The security of property so emphasized by pro-property utilitarians which would be essential to maximum productivity, has been described by others as "a power of discretionary idleness", that is, "a right to keep the work out of the hands of the workmen and the product out of the market". The natural-rights theorists' right to property has, equally sarcastically, been described as "the natural right of investment", that is, "the right to enforce unemployment, and so to make the community's workmanship useless to that extent". Even if property had been 'natural' and useful in the hands of owners who were present in the past, absentee ownership and the character of business enterprise have entirely invalidated the old natural-rights and utility arguments for private property on this view. Production may be 'a matter of workmanship' but earnings are 'a matter of business' -- it is argued. And --as pointed out too-- 'there is a difference between socially desirable productivity and the desire for individual profits'.

A related argument against those whose justification of private property lies in labor-based entitlement or desert is that their reasoning is self-defeating when applied to the means of production beyond what is needed for one's personal livelihood. On this argument the worker's right to the whole produce of 'er labor is said to be defeated by the appropriation of natural resources and capital, and these instruments of production should therefore be held in common. It has already been replied to this that the argument has no force to the extent that 'each unpropertied person retains the material liberty to appropriate an equal share'. This could coincide with 'private property' in the historical sense of property based on the labor of its owner (but it need not in the light of other justificatory theories, as the equal in equal share bears witness to). Hence, also this anti-property argument cannot be advanced as a general objection against all forms of property or private property. But it certainly carries much weight in specific or particular instances.
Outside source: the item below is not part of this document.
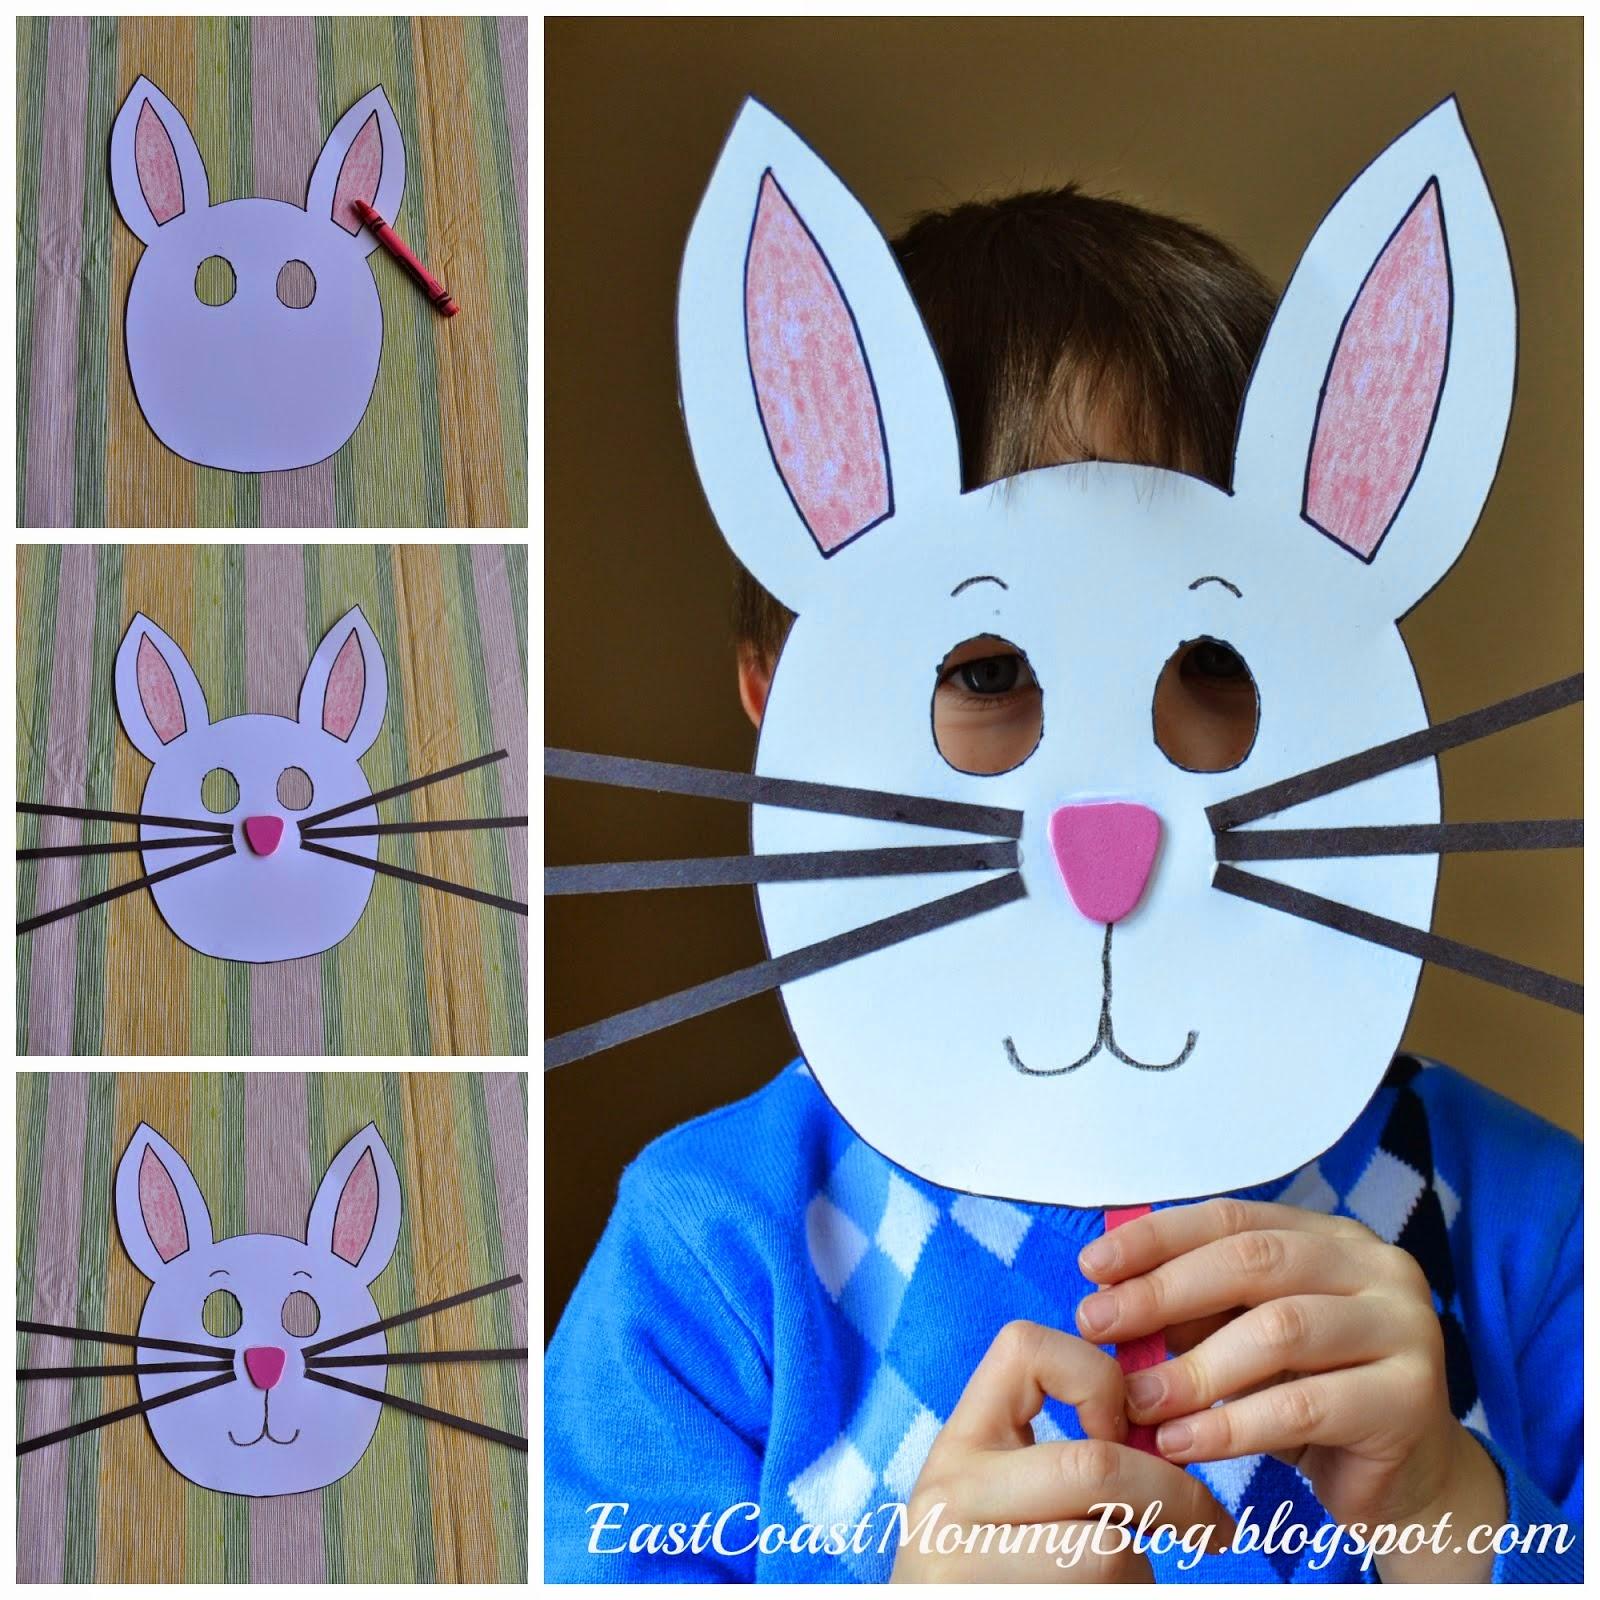 East Coast Mommy: Bunny Mask {Preschool Craft} - Free Printable Easter Masks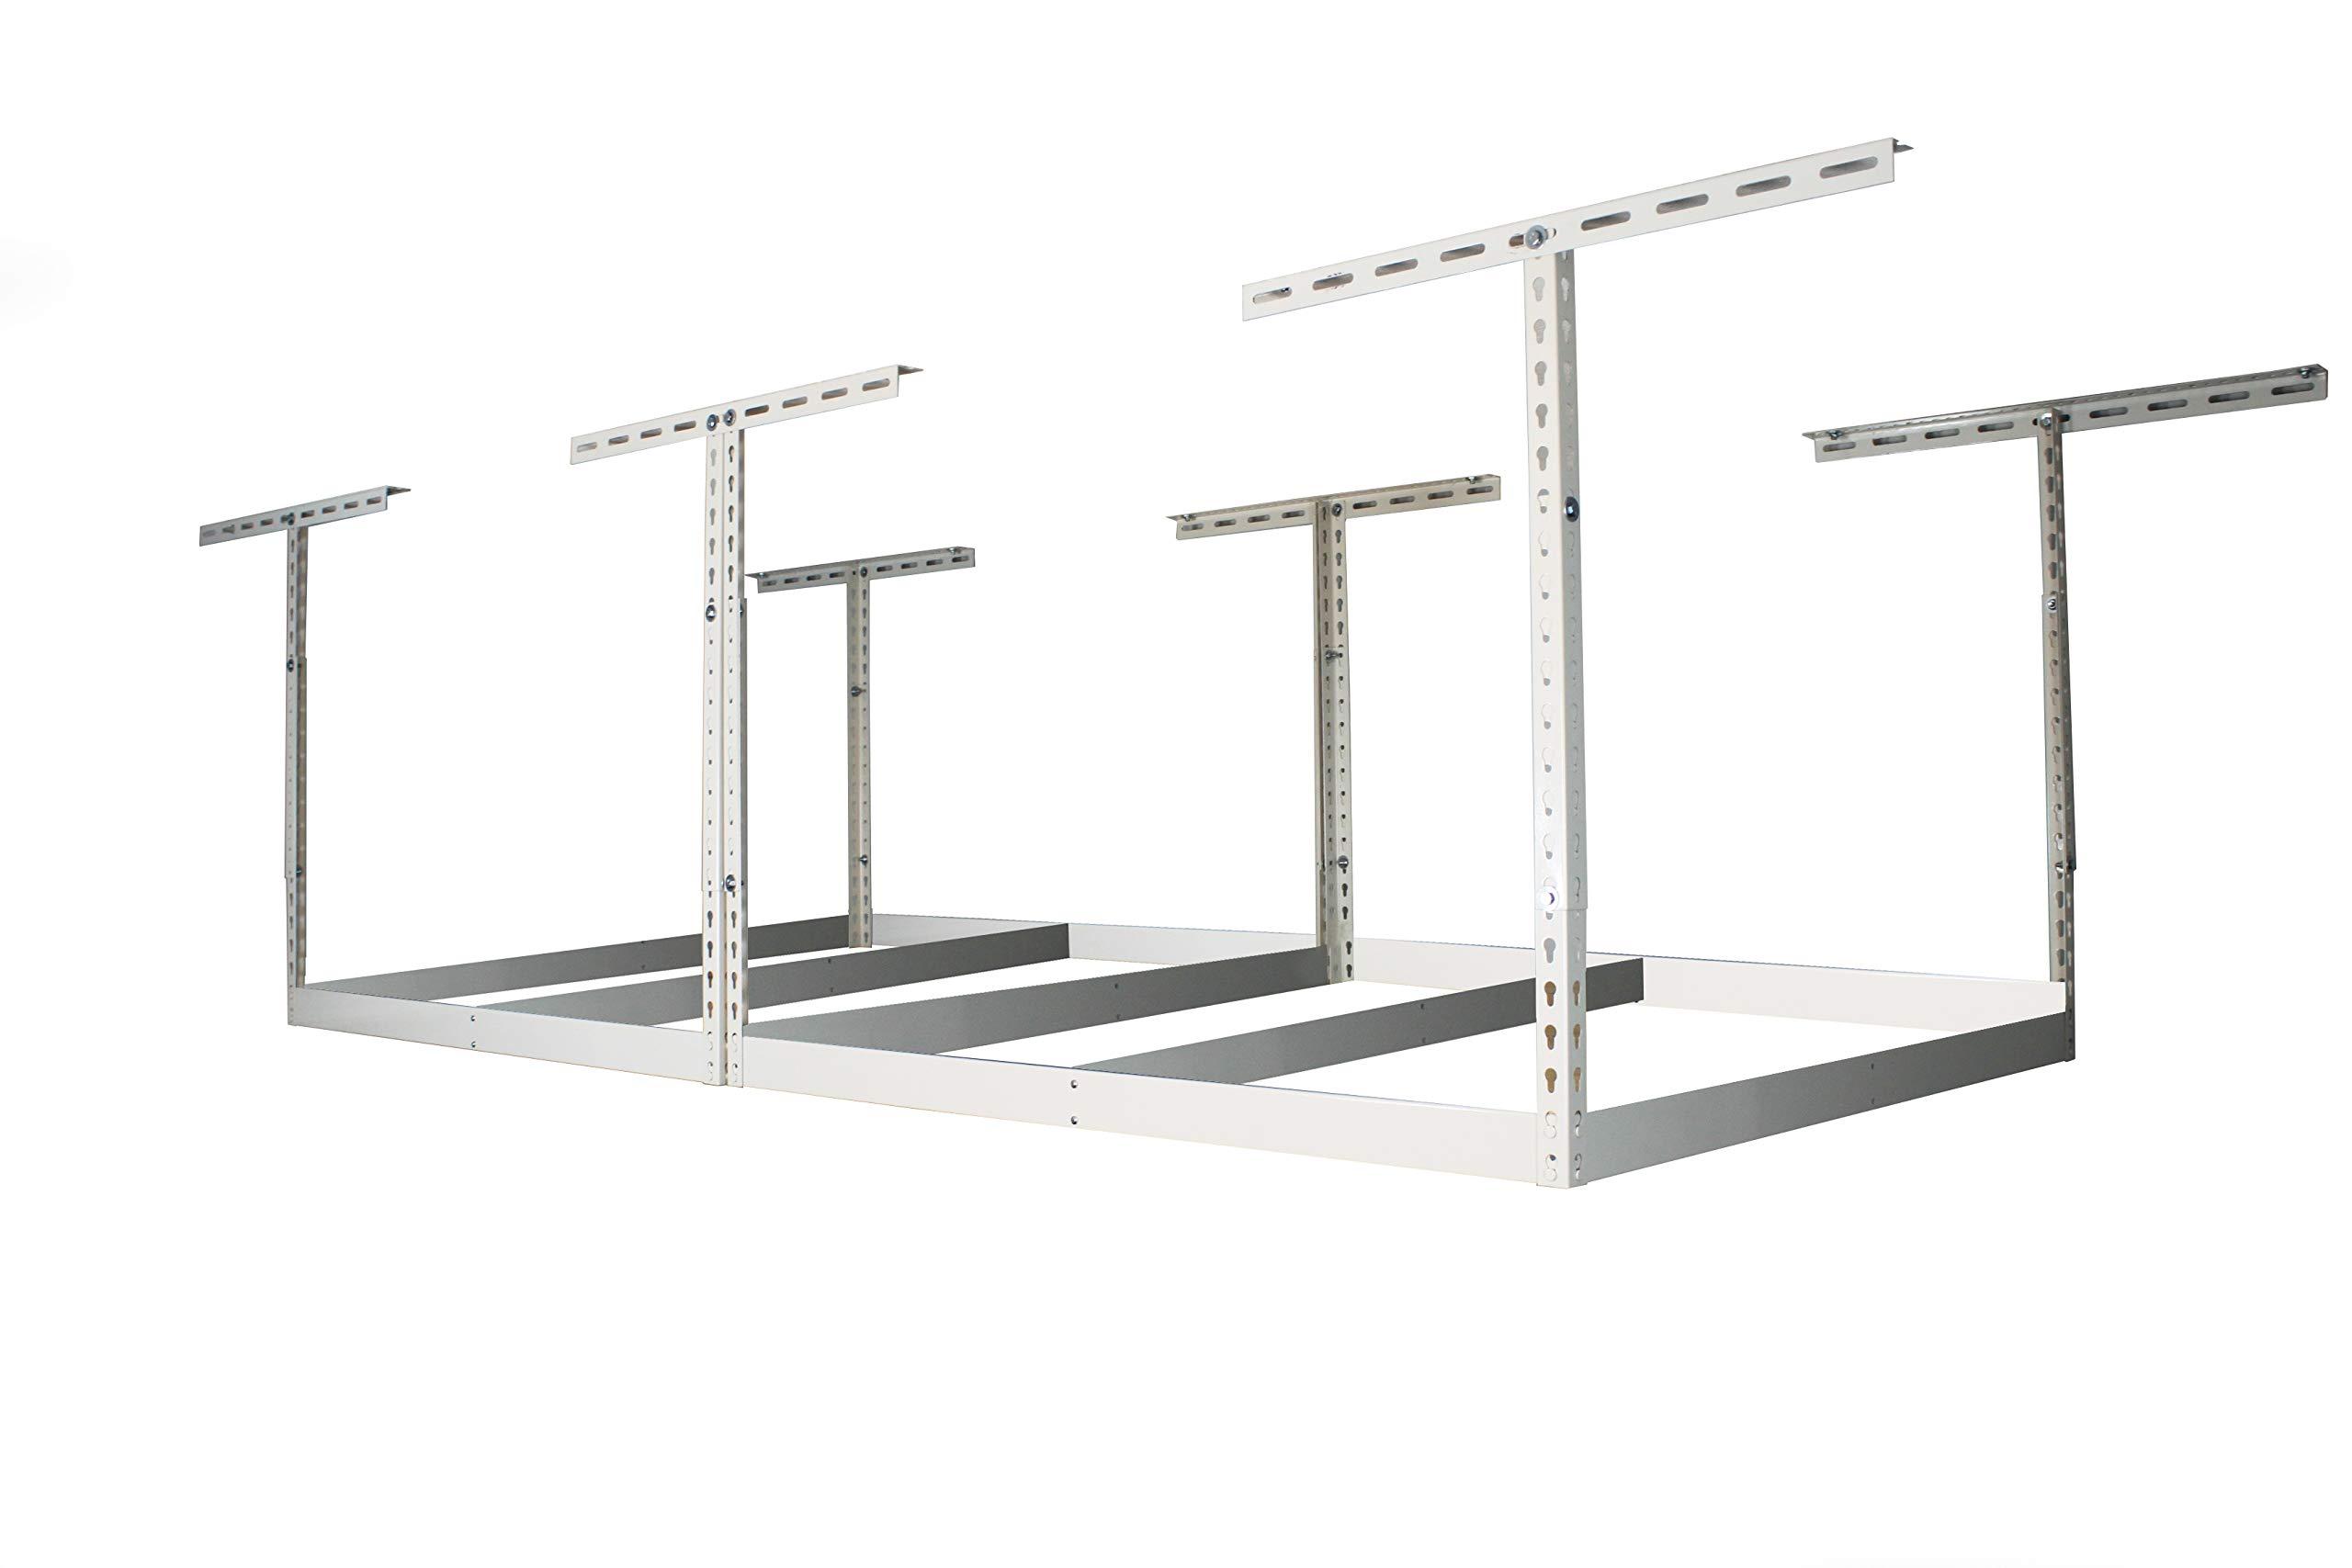 MonsterRax 4x8 Garage Storage Rack - Height Adjustable Steel Overhead Storage Rack Frame Kit with Adjustable Height - 600 Pound Weight Capacity (White, 24''-45'' Drop) by MonsterRax

Property has been cast off by one writer on the 'rational' grounds that it would be difficult to see how someone could own a thing 'e does 'not actually use or consume, or why others should refrain from using or consuming it, when they want it, but do not own it'. In contradistinction to property, usufruct would, then, be 'a clear concept'. Whereas 'property is irresponsible and unconditioned', usufruct would be subject to unforeseen changes of the social or economic conditions and would carry moral obligations. What is a fair share (in the total usufruct) is determined in this view by general principles of 'ethical economics', social facts and the system of production and distribution. Local and economic agents would be authorized in such a society to grant rights of usufruct. Unfortunately tho, this juggling with the concepts of property and usufruct amounts to not much more than a terminological trick which leaves the conditions themselves unchanged. For usufruct presupposes property, and property presupposes a person or group of persons as owners. But in this conception it is nature which is the so-called 'owner' of its component parts, and people (themselves part of it) may then claim usufruct of those (other) parts. What the argument is really against is not property but a particular sort of property, that is, ownership by individual members of a community (with the possible exception of things they actually use or consume), ownership which is irresponsible towards nature and future generations and ownership which is not, or hardly, subject to later changes in circumstances. With the authority vested in and the important tasks assigned to local or specialized administrations, they have become the de facto owners in this 'anarchic' society. In this respect the difference with a totalitarian state without any private property (again, with the possible exception of things people personally use or consume) is only one in scale. Moreover, denying the legitimacy of the concept of property does not even shield an anarchist, social or not, from the question of which part of nature is owned in practise by which community.